I Was a Teen Living With Anxiety
I Was a Teen Living With Anxiety
3 min read
All of my photos from high school feel like a lie. Well, not entirely, but they certainly don’t tell the whole story. If you look at my social media during that time, I look happy — and I was. I got great grades. I attended most social events, and I was in the stands at every Friday night football game as a clarinet player in my school’s marching band. I was also making life-long friends, many of whom I still keep in touch with more than a decade later.
So, why do I look back on my adolescence with anything but fondness?
At the time, I didn’t have a word for the constant panic and worry I felt every day. The unrelenting need to be better and do better. No accomplishment, no grade, no form of praise was ever enough. I felt like I was juggling a million balls in the air, carrying an impossible weight for any 16-year-old to handle, and failure was my biggest fear.
I often wonder how many of my peers felt a similar pressure. At the time, it seemed like I was completely alone in my struggles. I would stay up until past midnight studying for exams and doing extra credit for classes that I was already passing, just because I felt like I needed as close to a perfect grade as humanly possible. I never said no to an extracurricular, for fear that the one I turned down would be the stain on my college application I would never recover from.
Imagine you’re running on a hamster wheel, and you just keep going faster and faster to the point that you feel like you’re so out of breath that your lungs are going to explode, but there’s no way off.

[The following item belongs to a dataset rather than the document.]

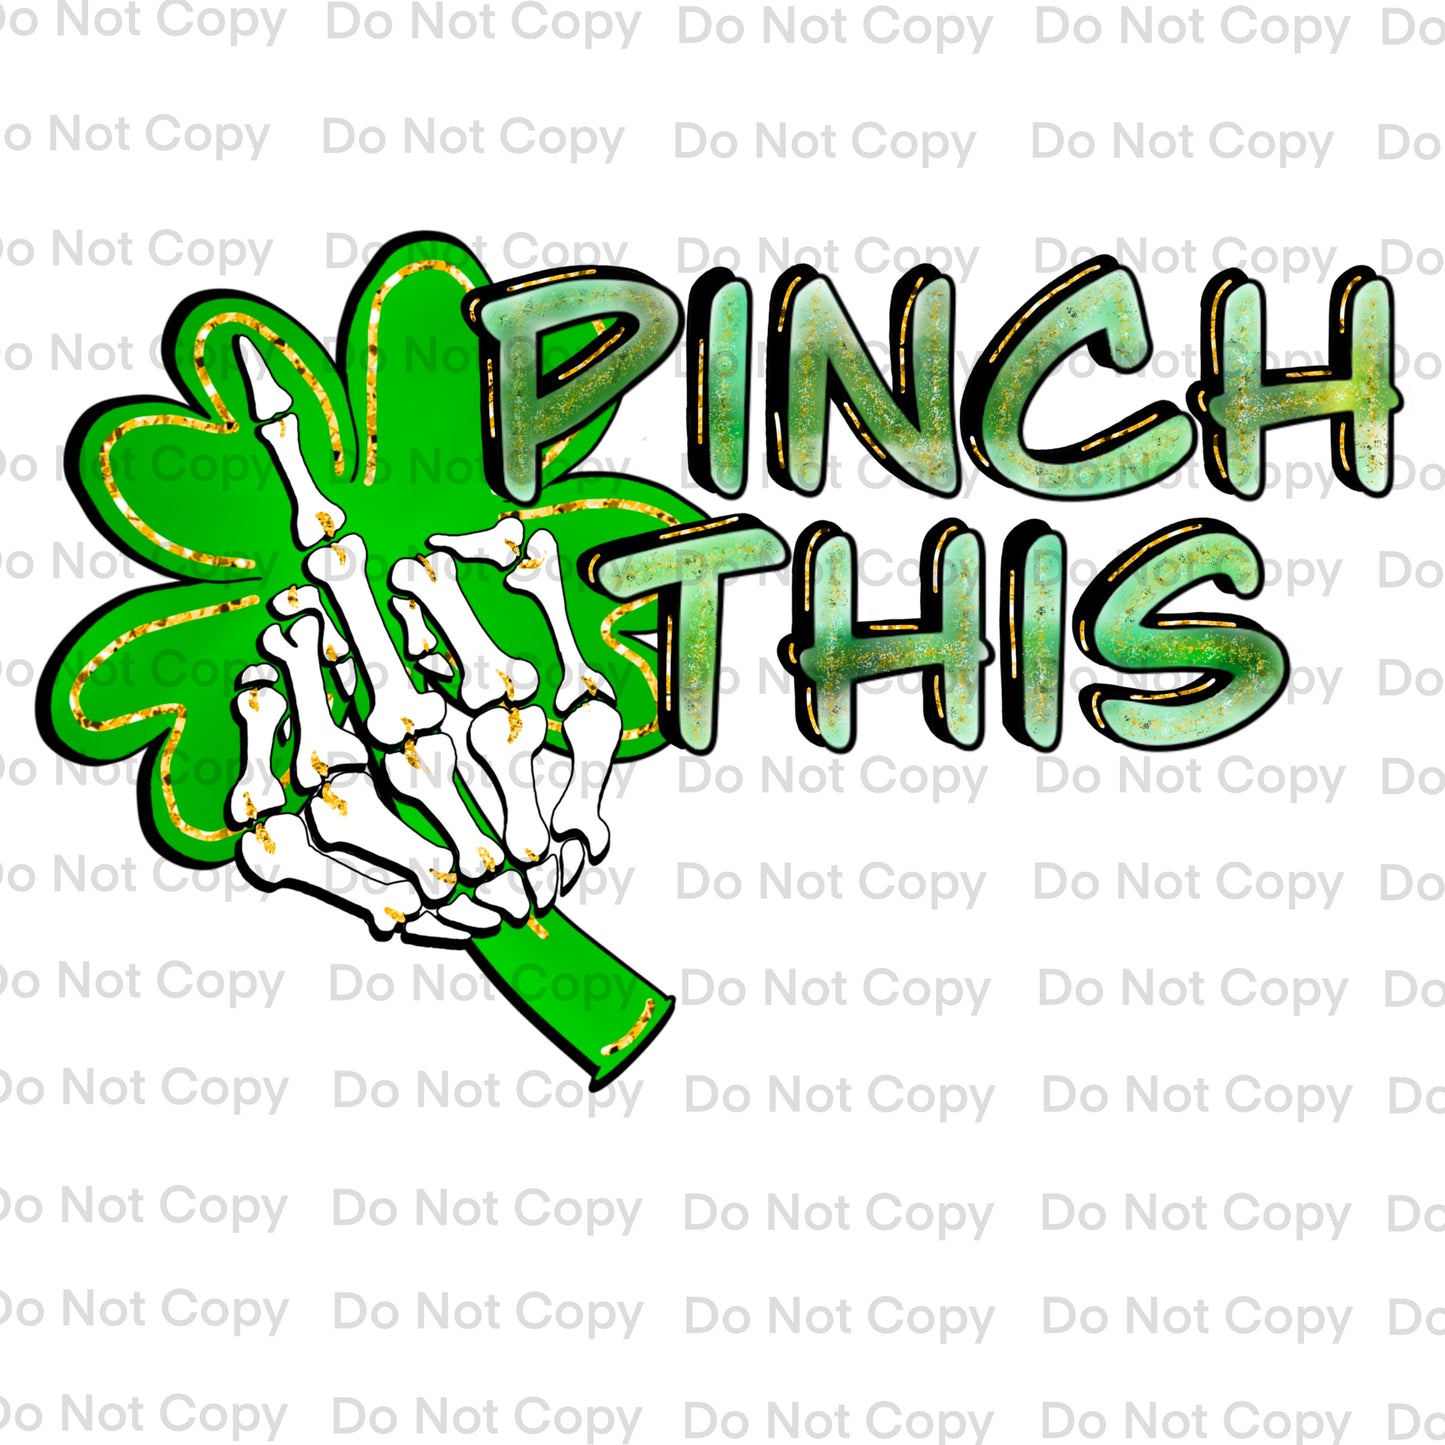 Pinch This

There’s no way to stop. That’s how I felt every day for pretty much my entire adolescence.
And still, somehow, I convinced myself I wasn’t doing enough. I would never be doing enough.

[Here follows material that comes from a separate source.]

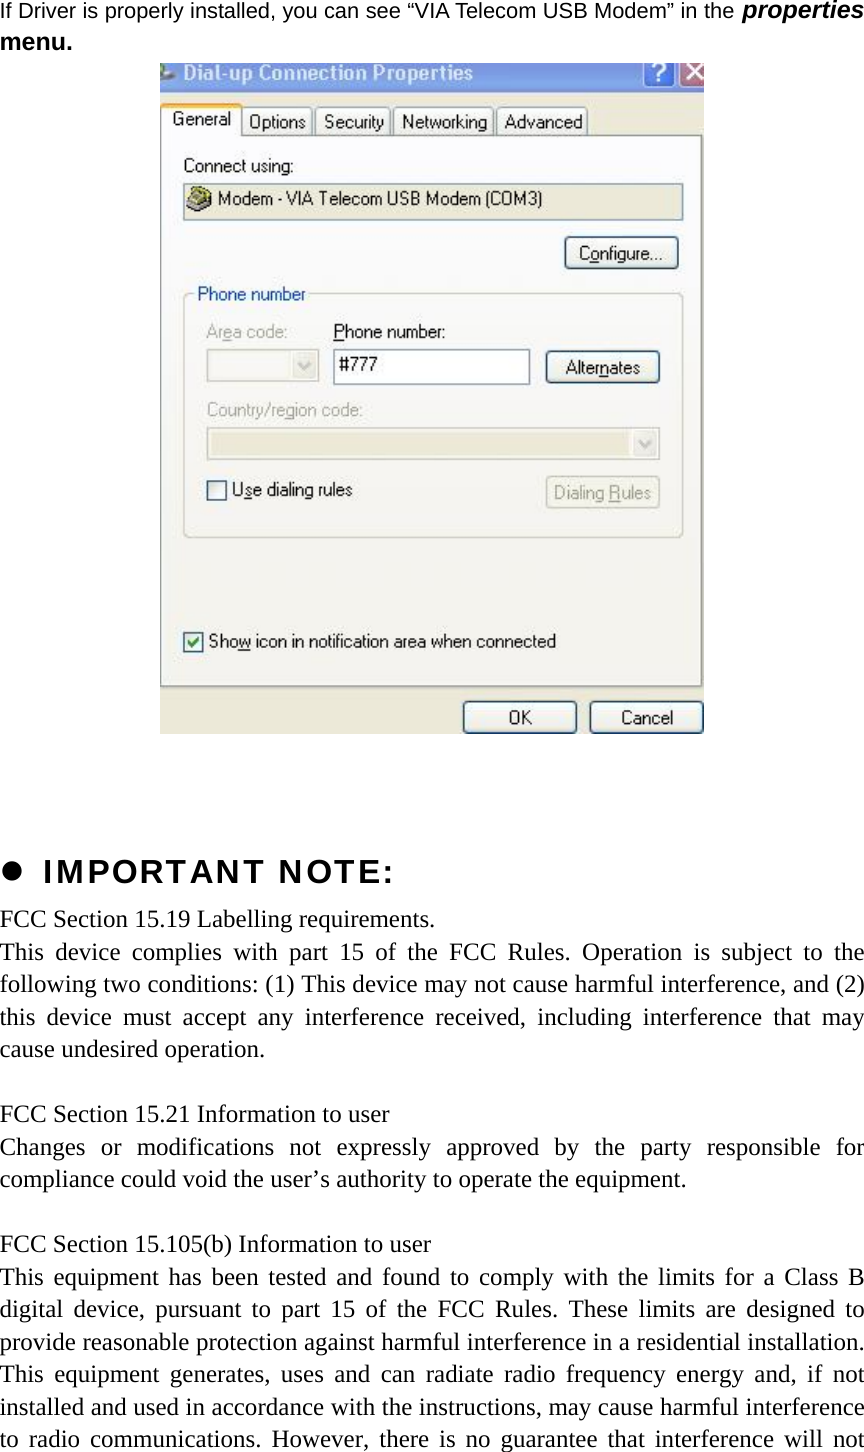 If Driver is properly installed, you can see “VIA Telecom USB Modem” in the properties menu.     z IMPORTANT NOTE: FCC Section 15.19 Labelling requirements. This device complies with part 15 of the FCC Rules. Operation is subject to the following two conditions: (1) This device may not cause harmful interference, and (2) this device must accept any interference received, including interference that may cause undesired operation.  FCC Section 15.21 Information to user Changes or modifications not expressly approved by the party responsible for compliance could void the user’s authority to operate the equipment.  FCC Section 15.105(b) Information to user This equipment has been tested and found to comply with the limits for a Class B digital device, pursuant to part 15 of the FCC Rules. These limits are designed to provide reasonable protection against harmful interference in a residential installation. This equipment generates, uses and can radiate radio frequency energy and, if not installed and used in accordance with the instructions, may cause harmful interference to radio communications. However, there is no guarantee that interference will not

I sought out therapy in adulthood, which gave me a word for everything I was feeling: anxiety. To this day, my anxiety still manifests in many of the same ways. My fear of failure has not gone away, but I’ve learned how to cope.
First and foremost, I’ve learned how to slow down. Trust me, it is not easy, and I am not perfect. I still have a tendency to bite off much more than I can chew, because I worry that if I don’t, I’ll never be as accomplished as I hope to be. I am very much a work in progress. I probably always will be.
But even just having a word for these feelings makes life so much better. I’m able to identify how my anxiety manifests, which then allows me to get it in check before I spiral out of control and find myself back on that hamster wheel. I wish I could go back and tell my younger self that my brain is playing tricks on me. I am doing more than enough. I am more than enough, whether I do that extra credit assignment or not.